Take videoconferencing giant Zoom, which utilizes both on-premise infrastructure and public cloud in order to keep up with increased demand. At the end of its fiscal second quarter in August 2020, it reported a 355 percent increase in revenue compared to the same period in 2019. In just a few short months it has come to dominate both the work-from-home economy and remote education, achieving nearly 150 million monthly active users.
“I hope this crisis can be over very, very soon, but one thing I know for sure is that companies will learn this is the way to work,” Zoom CEO Eric Yuan told the Associated Press in March – months before most companies were willing to admit he was right. “I am pretty sure almost every company will be thinking about it and say, ‘Hey, maybe working from home makes sense.’”
A New Home School
Although Zoom is the enterprise that most exemplifies the work-from-home economy, it’s not alone in its need for rapid scalability. One industry, in particular, is teeming with companies that have a similar appetite for sudden growth: education.
As school districts and universities scrambled this summer to launch effective and safe back-to-school plans that included online and hybrid solutions, ed-tech companies like Kaltura, a video platform and solutions company, found itself in an extraordinary growth scenario.
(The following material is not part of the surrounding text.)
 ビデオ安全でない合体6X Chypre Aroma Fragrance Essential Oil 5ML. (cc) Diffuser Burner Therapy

“We have seen a tremendous uptake in usage both in new and existing clients,” said Jeff Rubenstein, vice president of product strategy for Kaltura’s education business. “We are also seeing new parts of the market emerge, like K-12, that had almost no tech capacity before the pandemic.”
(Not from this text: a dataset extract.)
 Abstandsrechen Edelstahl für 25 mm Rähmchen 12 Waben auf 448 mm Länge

During the first days of the U.S. response to COVID-19, Rubenstein received a nervous call from the chief information officer at an American university who asked: “If we increase our usage by tenfold, are we OK?”
Rubenstein didn’t hesitate; he knew Kaltura could handle that and more.
“We can run on-premise, but everyone wants cloud at this point. And with the cloud … our architecture is very scalable,” he said. “We basically have clusters that spit up new clusters when there is new demand … Video is very demanding on resources in terms of compute, storage and bandwidth, so from our early days we built a very flexible architecture that makes scalability easy.”
Kaltura supports three modes of video delivery: on-demand, real-time communications and live-broadcast. Its users need instant access without latency. Rubenstein credits the company’s cloud-powered content delivery network with making seamless delivery possible. It tracks usage geographically and caches regularly requested videos for fast access. This eases stress on the main servers and ensures quick delivery to the teacher or student.
Traditional brick-and-mortar companies are looking for digitally-based solutions to survive and grow during the pandemic. In ed-tech, companies like Kaltura are hoping to use the influx of new data and users to move beyond their pre-pandemic role as a supplemental piece to traditional delivery models of education.